The New York bill—which passed both houses of the state Legislature but is still awaiting Gov. Kathy Hochul's signature—mandates that any social media platform that provides the basic features we've come to expect (like autoplay, infinite scroll, push notifications, or like counts) must display a warning label "prescribed by the commissioner of mental hygiene."
This is peak performative lawmaking. It lets state lawmakers pretend to be doing something to save us from the boogeyman du jour, Big Tech. They can put out their press releases and pat themselves on their backs.
Check out the gag-inducingly grandiose tone in which New York state Sen. Andrew Gounardes has been talking about the measure he sponsored. "This is about enabling New Yorkers to reclaim control of their own lives from big corporations," Gounardes said … as if people can't currently just stop or reduce social media use but will somehow miraculously gain this power when they see some government-mandated legalese about tech addiction above their feeds.
In the real world, government goons telling you to put down Instagram and go touch grass would be unlikely to help even if it could pass constitutional muster—which it almost certainly won't.
"You'd think lawmakers would learn," writes Mike Masnick at Techdirt:
When Texas passed a ridiculous law requiring adult websites to add "health warning labels" based on no science at all, even the notoriously ridiculous Fifth Circuit—a court that never met a garbage internet law it didn't like—said "whoa, the mandated health warning part's obviously unconstitutional." The court explained that compelling websites to display the state's preferred message about content when there's no scientific consensus is completely out of line. […] But apparently, NY and Minnesota lawmakers saw that ruling and thought: "Let's do the exact same thing, but for social media!"
Both the New York law and the Minnesota law represent the government trying to compel speech in an impermissible way.
"The Supreme Court has established through cases like Zauderer that the government can only compel commercial speech (like warning labels) when the compelled disclosure is 'purely factual and uncontroversial' and relates to preventing consumer deception," notes Masnick. "Neither condition applies here."

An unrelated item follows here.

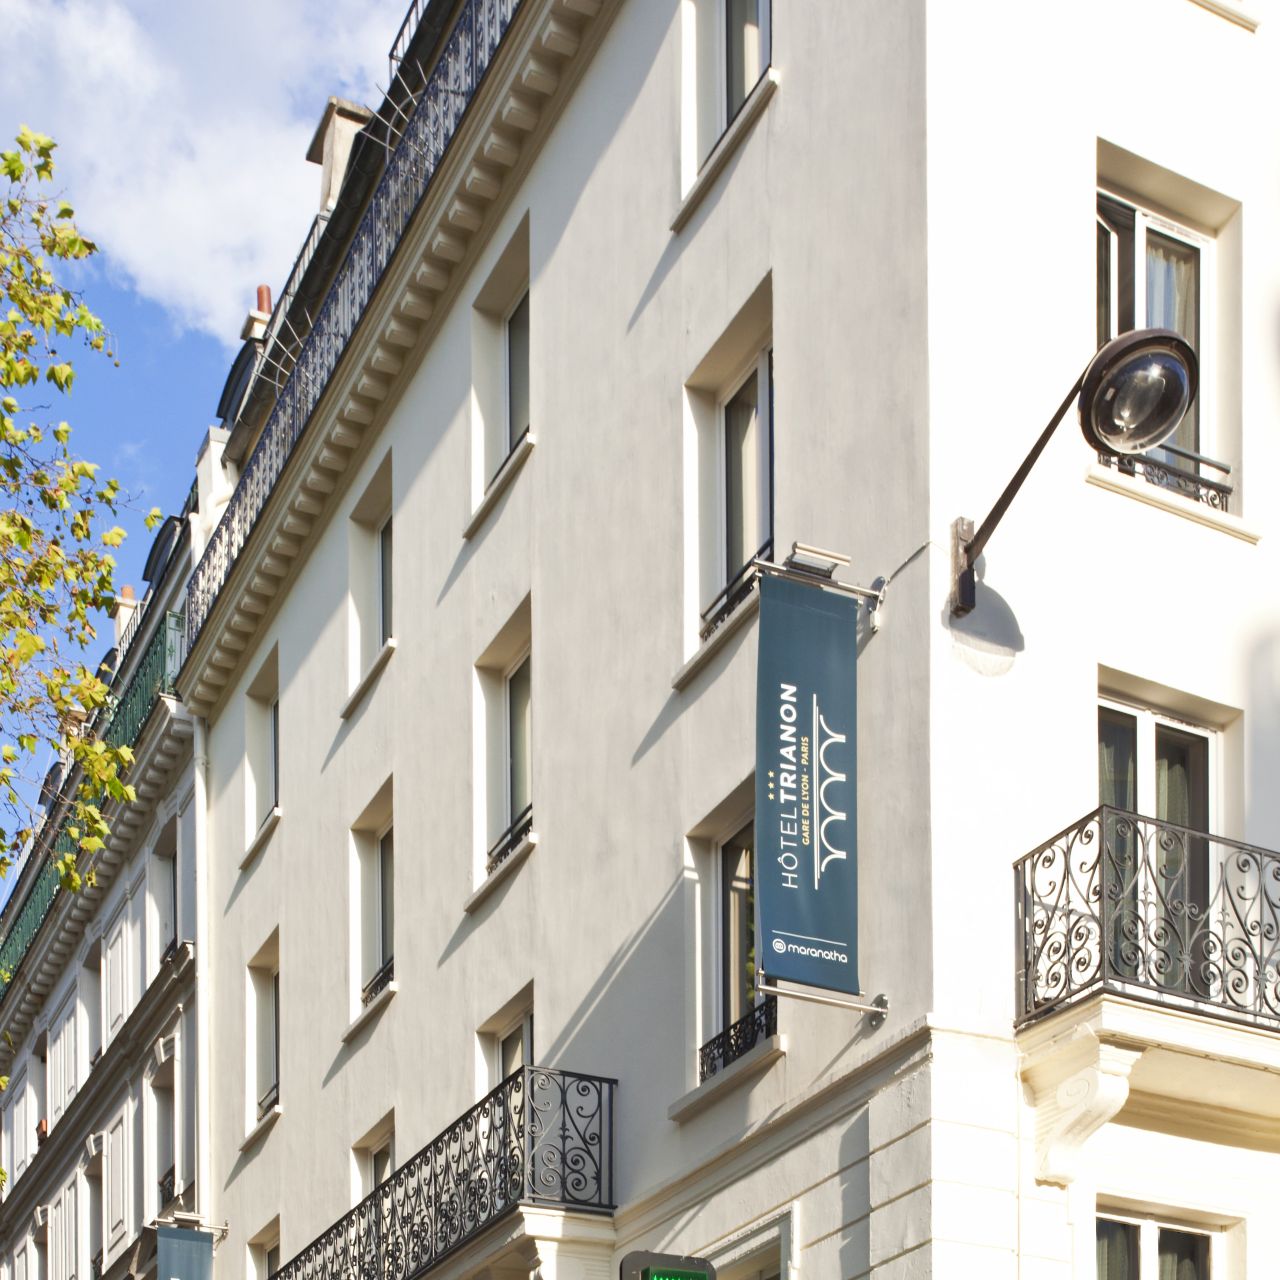 Hotel Trianon Gare De Lyon - Paris - Great prices at HOTEL INFO

Pittsburgh Lowers Sex Work Penalty
The Pittsburgh City Council voted last night to reduce penalties for prostitution. Under the newly passed ordinance, police can choose to essentially issue a citation rather than arrest someone for a misdemeanor crime.
As it stands, the minimum penalty for engaging in prostitution "can involve up to a year in jail, and it also can involve a sliding scale of fines that can go all the way up to $10,000," Theresa Nightingale, executive director of For Safer Sex Work Pittsburgh, told the Pittsburgh City Paper. Under the new ordinance, someone engaging in prostitution in Pittsburgh could receive "just a small fine similar to a traffic ticket," she said.
Pittsburgh Councilwoman Barb Warwick, who introduced the legislation, said at a council meeting last week that she would "love if we could legalize consensual sex work but we cannot in the city. That would be a state issue. This is just about the penalty, very similar to the change in penalty for cannabis possession."
Pennsylvania's state law on prostitution remains unchanged. And Pittsburgh authorities can still charge sex workers with violating that law—a misdemeanor offense.
But under the new ordinance, they can also choose to merely charge them with the summary offense of engaging in prostitution, which means no court appointments, no jail time, and a punishment consisting of either a fine of up to $100 or up to 20 hours of community service.
Decriminalizing selling sex altogether would be a more just solution. Under this new scheme, people will at best still face some punishment for engaging in consensual commercial sex and could still be arrested and prosecuted on criminal charges. But as Warwick pointed out, changing state law doesn't fall under the city council's purview.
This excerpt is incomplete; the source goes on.